Mohon tunggu...
Gatot Swandito
Gatot Swandito Mohon Tunggu... Administrasi - Gatot Swandito

Yang kutahu aku tidak tahu apa-apa Email: gatotswandito@gmail.com

Selanjutnya

Tutup

Politik Artikel Utama

Di Kancah Media, Prabowo Ungguli Jokowi

10 Desember 2018   11:52 Diperbarui: 11 Desember 2018   12:11 4302
+
Laporkan Konten
Laporkan Akun
Kompasiana adalah platform blog. Konten ini menjadi tanggung jawab bloger dan tidak mewakili pandangan redaksi Kompas.
Lihat foto
Sumber: https://www.analyticsindiamag.com/

Endorsing Jokowi”. Begitu judul editorial The Jakarta Post yang dipublikasikan pada  4 Juli 2014.

“There is no such thing as being neutral when the stakes are so high. While endeavoring as best we can to remain objective in our news reporting, our journalism has always stood on the belief of the right moral ground when grave choices must be made,” tulis Jakarta post pada paragraf pertamanya.

Dukungan kepada Jokowi yang dideklarasikan oleh media berbahasa Inggris hanya lima hari jelang hari pencoblosan Pilpres 2014 tersebut sontak mengejutkan publik. Ujung-ujungnya, keraguan terhadap netralitas media pun semakin menguat.
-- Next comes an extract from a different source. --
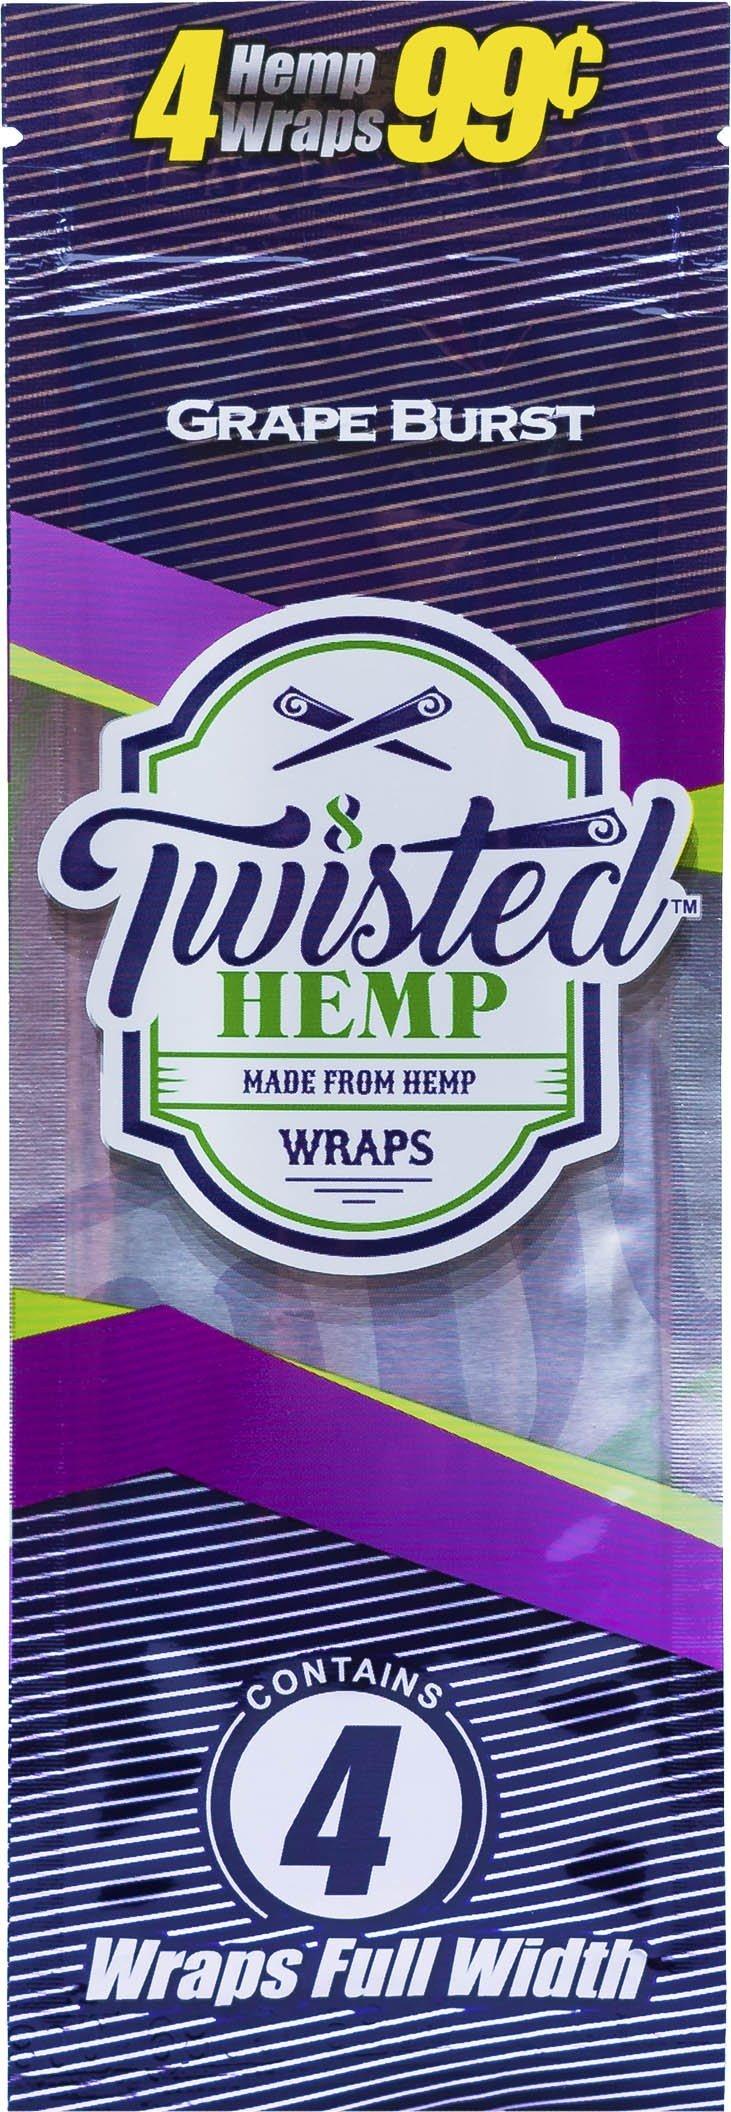 15 pk Twisted Hemp Wrap Grape Burst 4 leaf per pk

Belakangan isu netralitas media kembali booming setelah Prabowo Subianto meluapkan kemarahannya kepada wartawan yang coba mengerubutinya. Katanya pers telah memanipulasi demokrasi. Capres nomor urut 02 ini pun kemudian meyentil wartawan soal jumlah peserta reuni 212 yang dihadirinya.

"Hebatnya media-media dengan nama besar dan katakan dirinya objektif padahal justru mereka bagian dari usaha memanipulasi demokrasi. Kita bicara yang benar ya benar, yang salah ya salah, mereka mau katakan yang 11 juta hanya 15 ribu. Bahkan ada yang bilang kalau lebih dari 1.000 minta apa itu terserah dia," kata Prabowo pada 5 November 2018 sebagaimana dikutip Tribunnews.com.

Gegara kemarahan mantan Danjen Kopassus tersebut, penghakiman terhadap media mainstream pun berlontaran. Media dianggap berpihak kepada Jokowi dan tidak memihak Prabowo. Bukan saja itu, media pun dituding hanya mengincar kesalahan Prabowo.

"Ada wartawan enggak di sini, mereka ke sini nungguin gue salah ngomong. Mereka, saya katakan, kelompok itu, menunggu gue salah ngomong kemudian digoreng lagi, bicara emak-emak engga boleh, tampang engga boleh," kata Prabowo (Sumber: Merdeka.com).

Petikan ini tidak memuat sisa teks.